Claude Code local logs double-count

Estimate, not bill. These counts feed an API-equivalent cost model that uses public Anthropic and OpenAI token pricing. Actual owner cost is about $400 per month across Claude Max, ChatGPT Pro, and OpenAI API credits.

If you parse ~/.claude/projects/**/*.jsonl and sum every row with message.usage, you will overcount.

On this corpus, raw Claude Code usage rows were 45,983. Duplicate replays were 21,682. That is 47.2% of the raw rows.

The cause is local logging shape, not double billing.

what duplicates #

The duplicate is not the whole JSON object. The outer envelope changes:

  • uuid: changes
  • parentUuid: changes
  • timestamp: usually changes

The usage snapshot stays the same:

  • sessionId: same
  • requestId: same
  • message.model: same
  • message.usage.input_tokens: same
  • message.usage.output_tokens: same
  • message.usage.cache_creation_input_tokens: same
  • message.usage.cache_read_input_tokens: same

That is the primary dedup key the current script uses:

message.id

message.id is the right accounting key for the cost pass because it collapses replayed envelopes down to one model call. For forensic work, the usage tuple is the useful cross-check when the local row is still mutating.

what the logger is doing #

The local file is an append-only event log of client state, not a ledger of billable requests.

One assistant turn can be written several times as the UI representation changes:

  • thinking -> tool_use: 8,608 duplicate replays
  • tool_use -> tool_use: 7,624 duplicate replays
  • text -> tool_use: 2,505 duplicate replays
  • thinking -> text: 2,318 duplicate replays

The common shape is:

  1. Claude Code emits an assistant message with usage attached.
  2. The client writes one local row for an intermediate state such as thinking.
  3. The client writes another local row for the same request when the visible content changes to tool_use or text.
  4. The second row gets a fresh envelope uuid, but it keeps the same requestId and the same usage numbers.

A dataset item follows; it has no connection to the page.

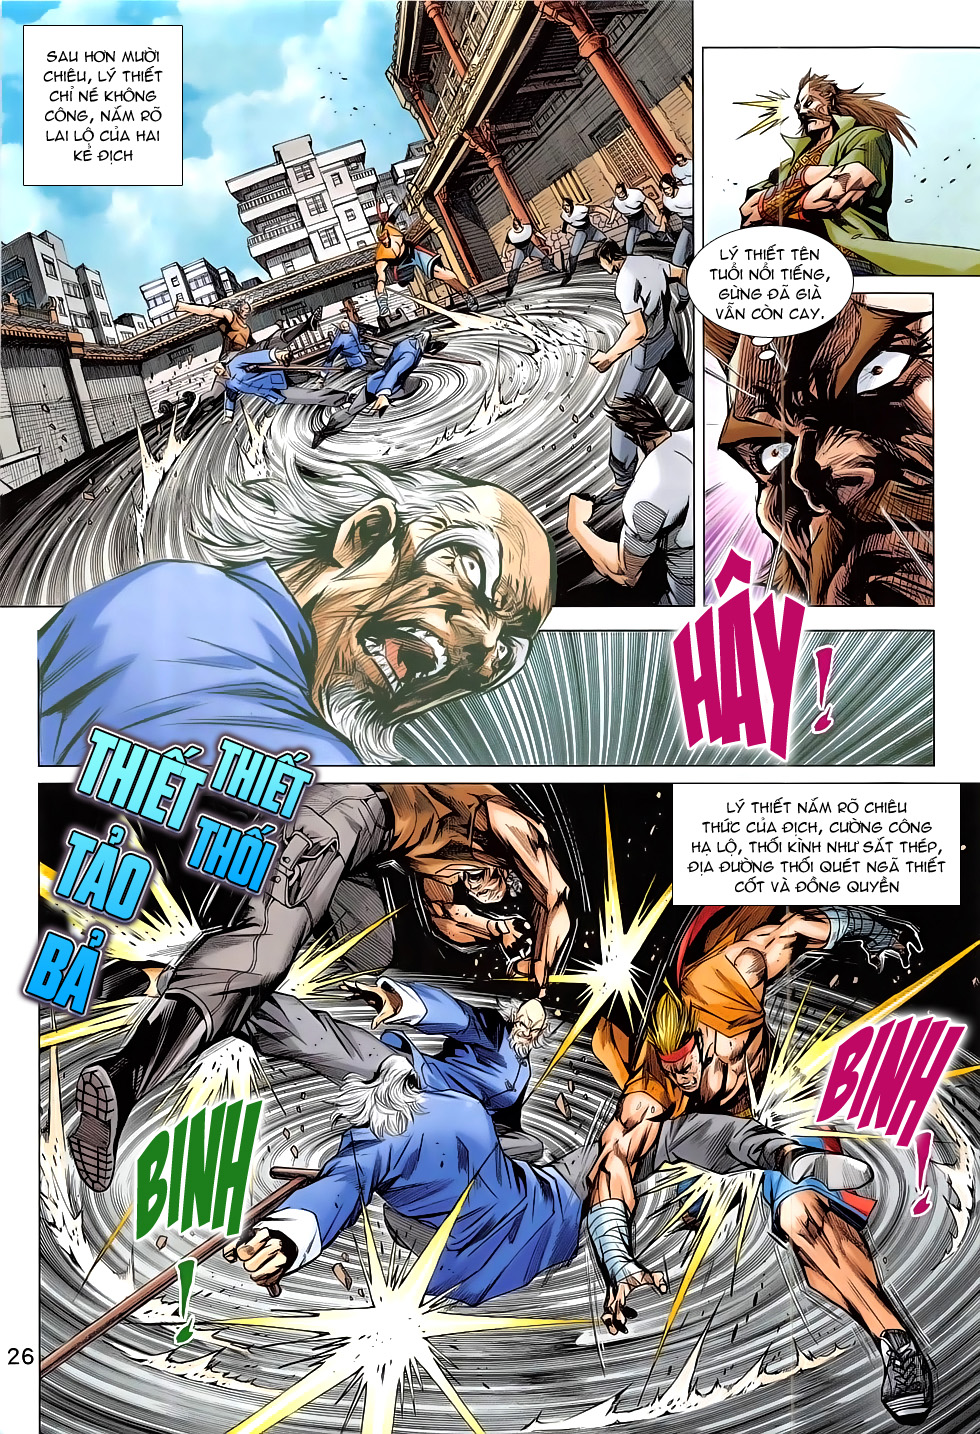 Tân Tác Long Hổ Môn chap 793 Trang 26 - Mangak.info

Example from a real session:

  • line 7: assistant row with content = [thinking], requestId = req_011Ca19oPudeF9D7akU9VnL8, usage (1, 510, 1395, 34071)
  • line 8: assistant row with content = [tool_use], same requestId, same usage, new uuid

That is a replay of the same usage envelope. It is not a second model call.

Some turns replay more than twice. In this corpus the same dedup key appeared 3 times in 2,692 cases, 4 times in 955 cases, and up to 10 times in a smaller tail. That matches a client repeatedly snapshotting the same request while the assistant message mutates locally.

what to count #

Count each unique usage envelope once. On the current pass that means 24,301 kept token events out of 45,983 raw usage rows.

Do not:

  • sum every row with message.usage
  • dedup by outer uuid

Do:

  • restrict to rows with message.model starting with claude-
  • dedup on message.id when present, else use the file-path plus line fallback

One-line Python version:

uv run --with orjson python -c 'from pathlib import Path; import orjson; seen=set(); total=0; dup=0; root=Path.home()/".claude"/"projects"; 
for p in root.rglob("*.jsonl"):
  for line in p.open("rb"):
    try: row=orjson.loads(line)
    except Exception: continue
    msg=row.get("message") or {}; usage=msg.get("usage") or {}; model=msg.get("model") or ""
    if not usage or not str(model).startswith("claude-"): continue
    total += 1; key=msg.get("id") or f"{p}:{total}"
    dup += key in seen; seen.add(key)
print({"raw_rows": total, "kept_rows": len(seen), "duplicate_rows": dup, "duplicate_ratio": round(dup / total, 4) if total else 0})'

bottom line #

This looks like a client logger issue, or more precisely a client event-model issue.

The local JSONL files are logging state transitions. Those transitions can replay the same usage payload several times under new wrapper envelopes. If you treat the file as an accounting ledger, you will inflate usage.

The Anthropic bill is not implicated by this evidence. The overcount happens in local replayed rows.